D. Selling shareholders
Not applicable.
E. Dilution
Not applicable.
F. Expenses of the issue
Not applicable.
Item 10 Additional Information
A. Share capital
Not applicable.
B. Memorandum and articles of association
The information set forth under the following headings of the Groups Annual Report and Accounts 2009 furnished separately on 5 March 2010 under Form 6-K is incorporated by reference.
| | Corporate governance on pages 50 to 62; and |
|---|---|
| | Note 22 Share capital on page 119. |
C. Material contracts
The information set forth under the following headings of the Groups Annual Report and Accounts 2009 furnished separately on 5 March 2010 under Form 6-K is incorporated by reference:
| | Financial Review 2009 Acquisition and disposals on page 42; |
|---|---|
| | Financial Review 2008 Acquisition and disposals on page 49; and |
| | Foundation agreements on pages 56 and 57. |
D. Exchange controls
Under the Netherlands Act on Financial Supervision (Wet op het financieel toezicht (Wft)) the Minister of Finance is authorised to issue regulations relating to financial transactions. To date no regulations of this type have been issued which are applicable to Unilever N.V.
There are currently no exchange controls affecting PLC shareholders.
E. Taxation
Taxation for US persons holding shares in NV
The following notes are provided for guidance. US persons should consult their local tax advisers, particularly in connection with potential liability to pay US taxes on disposal, lifetime gift or bequest of their shares. A US person is a US individual citizen or resident, a corporation organised under the laws of the United States, or any other legal person subject to US federal income tax on its worldwide income.

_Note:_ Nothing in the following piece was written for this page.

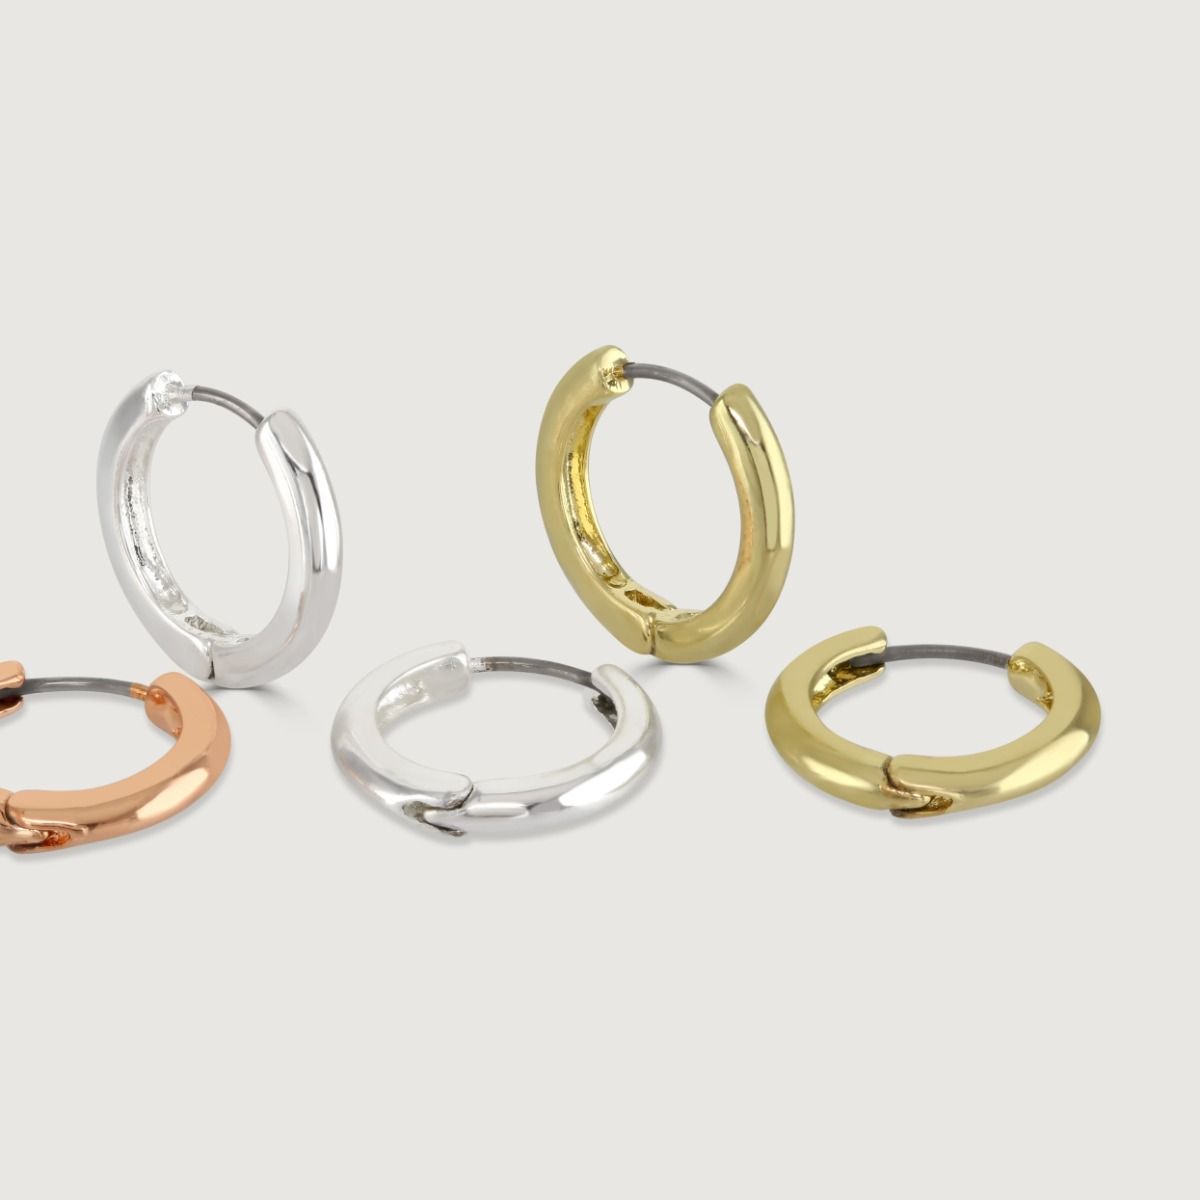 
The Set of 3 Hoop Earrings offers versatility and style in one package. With three different metallic tones to choose from, these hoop earrings allow you to mix and match or wear them individually. Effortlessly elevate your look with this set, perfect f

Taxation on dividends in the Netherlands
As of 1 January 2007 dividends of companies in the Netherlands are in principle subject to dividend withholding tax of 15%. Where a shareholder is entitled to the benefits of the current Income Tax Convention (the Convention) concluded on 18 December 1992 between the United States and the Netherlands, when dividends are paid by NV to:
| | a corporation organised under the laws of the United States (or any territory of it) having
no permanent establishment in the Netherlands of which such shares form a part of the business
property; or |
| --- | --- |
| | any other legal person subject to United States Federal income tax with respect to its
worldwide income, having no permanent establishment in the Netherlands of which such shares
form a part of the business property, |
these dividends qualify for a reduction of withholding tax on dividends in the Netherlands from 15% to 5% if the beneficial owner is a company which directly holds at least 10% of the voting power of NV shares and to 0% if the beneficial owner is a qualified Exempt Organisation as defined in Article 36 of the Convention.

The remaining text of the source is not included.